__Data section__
┄┄┄┄┄┄┄┄┄┄
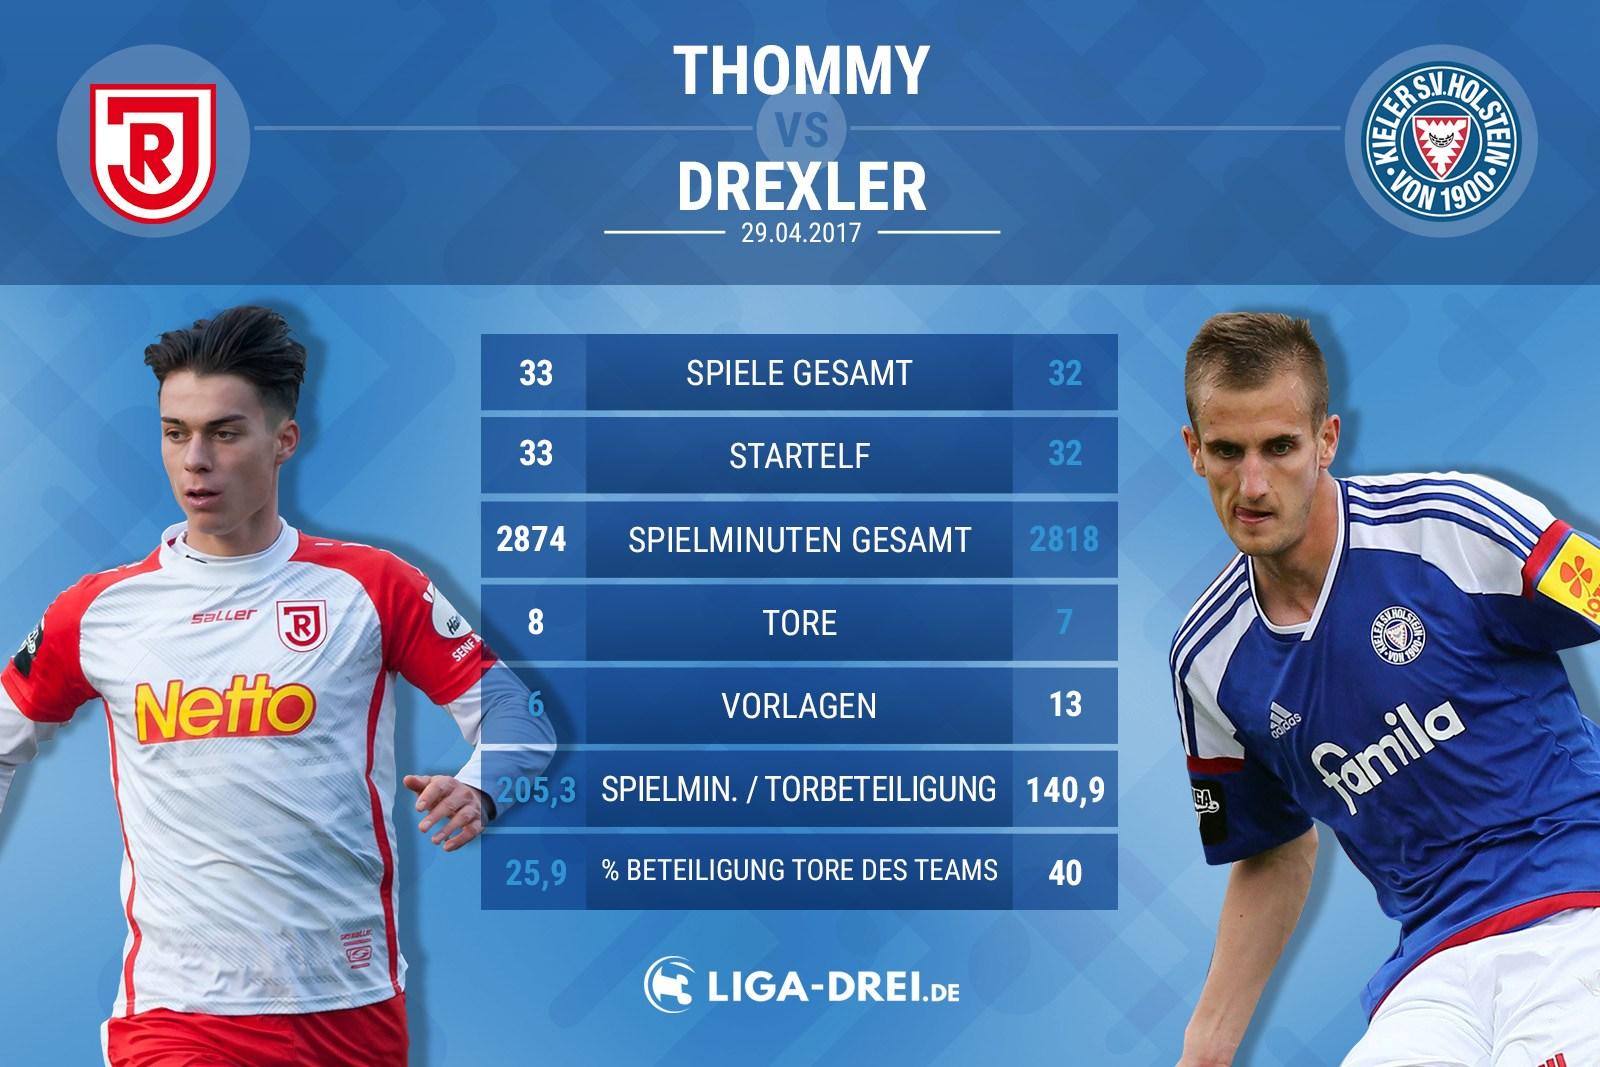 Spielervergleich zwischen Thommy (Regensburg( und Drexler (Kiel)
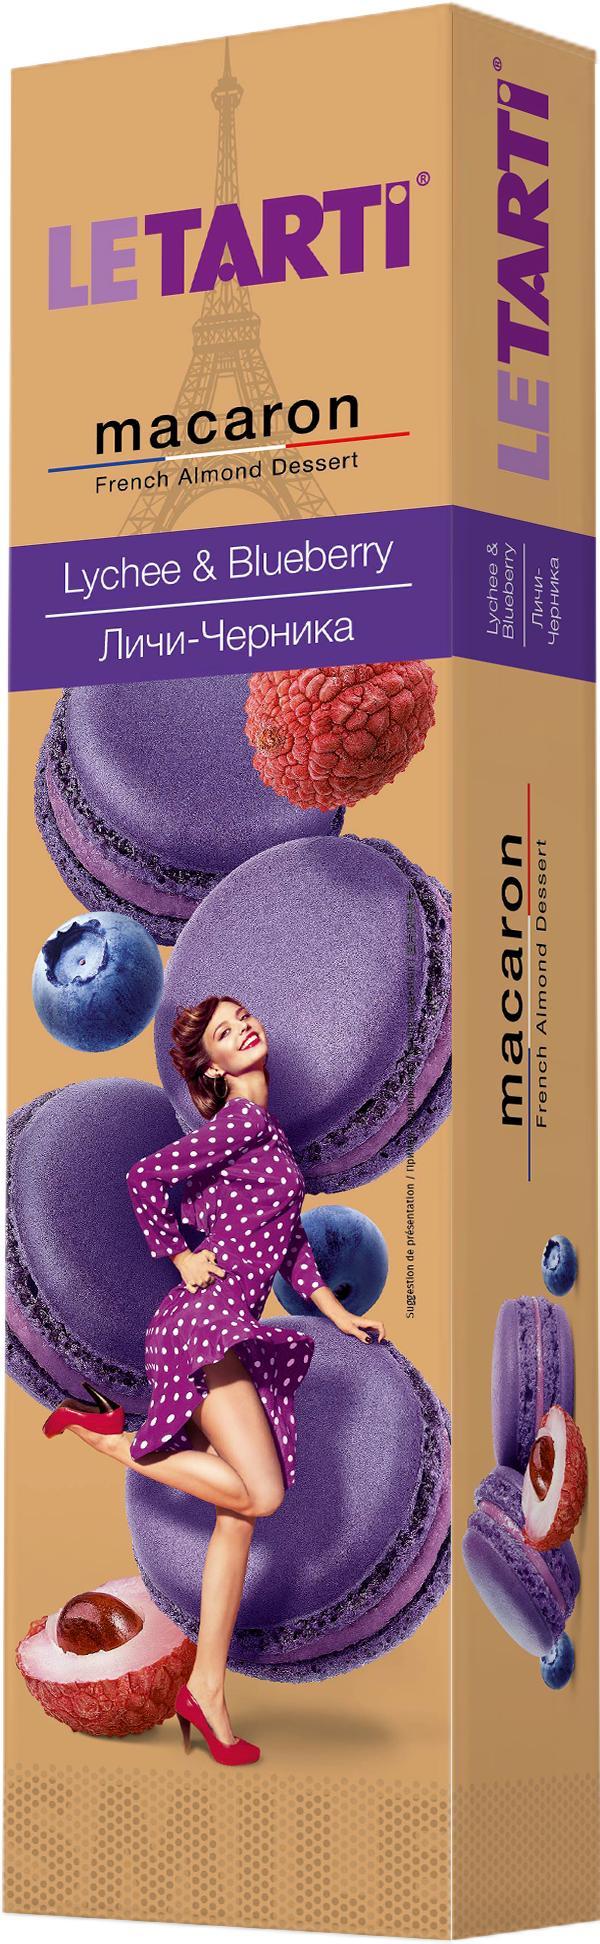 Пирожное Letarti Macarons c личи-черникой
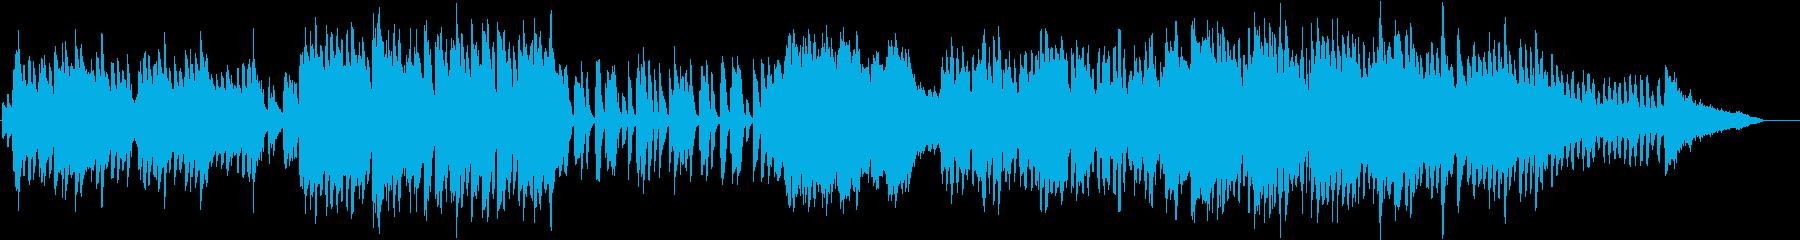 可愛らしいワルツ要素のあるポップスの再生済みの波形
┄┄┄┄┄┄┄┄┄┄
__What the task requires__
Set down all the lines above exactly as they appear, with no pictures.

__Result__
 Spielervergleich zwischen Thommy (Regensburg( und Drexler (Kiel)
 Пирожное Letarti Macarons c личи-черникой
 可愛らしいワルツ要素のあるポップスの再生済みの波形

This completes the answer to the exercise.